From a psychological perspective, a wild inner garden holds both positive and negative aspects:

The Positive:

  • Self-Exploration and Growth: It encourages self-discovery and personal growth by allowing spontaneous exploration of our thoughts, emotions, and beliefs.
  • Embracing Complexity: It acknowledges the complexity of our inner landscape, fostering self-acceptance and integration of light and shadow aspects.
  • Cultivating Freedom: It liberates us from self-imposed limitations, societal pressures, and encourages living in alignment with our true values.

The Pathological:

  • Lack of Structure: A wild garden may lack structure and organization, making it challenging to maintain focus and achieve specific goals.
  • Neglecting Responsibilities: An excessive focus on exploring the wild aspects of our inner garden may lead to neglecting important responsibilities in our personal and professional lives.
  • Difficulty in Decision-Making: With an abundance of possibilities and perspectives, making decisions can become challenging, leading to indecisiveness and a lack of clarity.

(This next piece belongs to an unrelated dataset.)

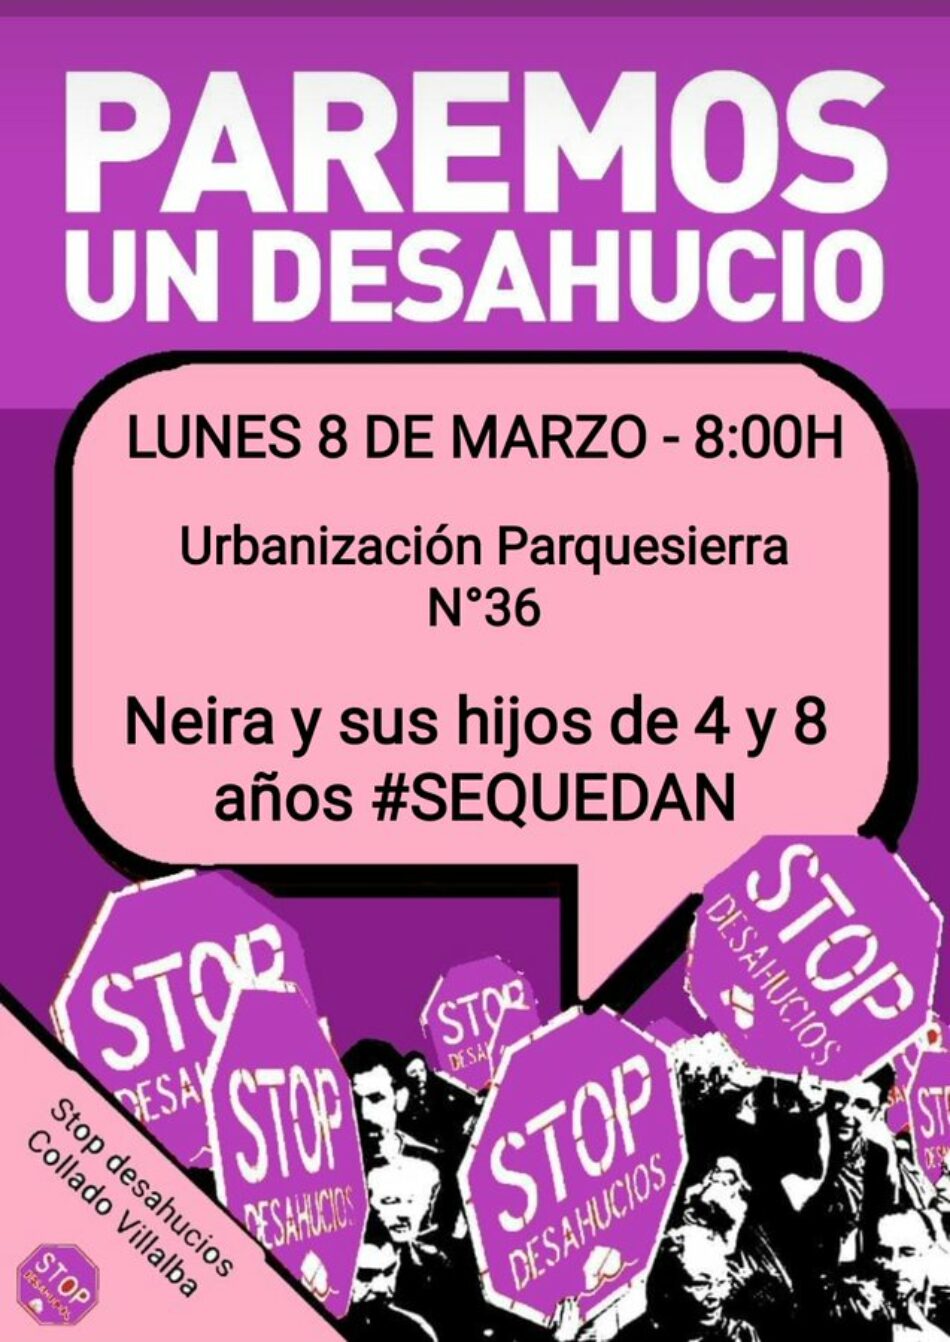 El 8 de marzo Madrid se tiñe de morado y en Collado y Villalba se pretende desahuciar a una mujer con dos menores de 4 y 8 años sin alternativa habitacional

So, should we let our inner garden run wild or not?

The answer lies in finding a balance between creativity and structure, responsibility and freedom.

Striving for balance is essential for a stable mind and can be achieved through practices like meditation, active imagination, art therapy, and mandala work…

Waking up, Cleaning up, Growing up are the keys to a healthy physical and spiritual life.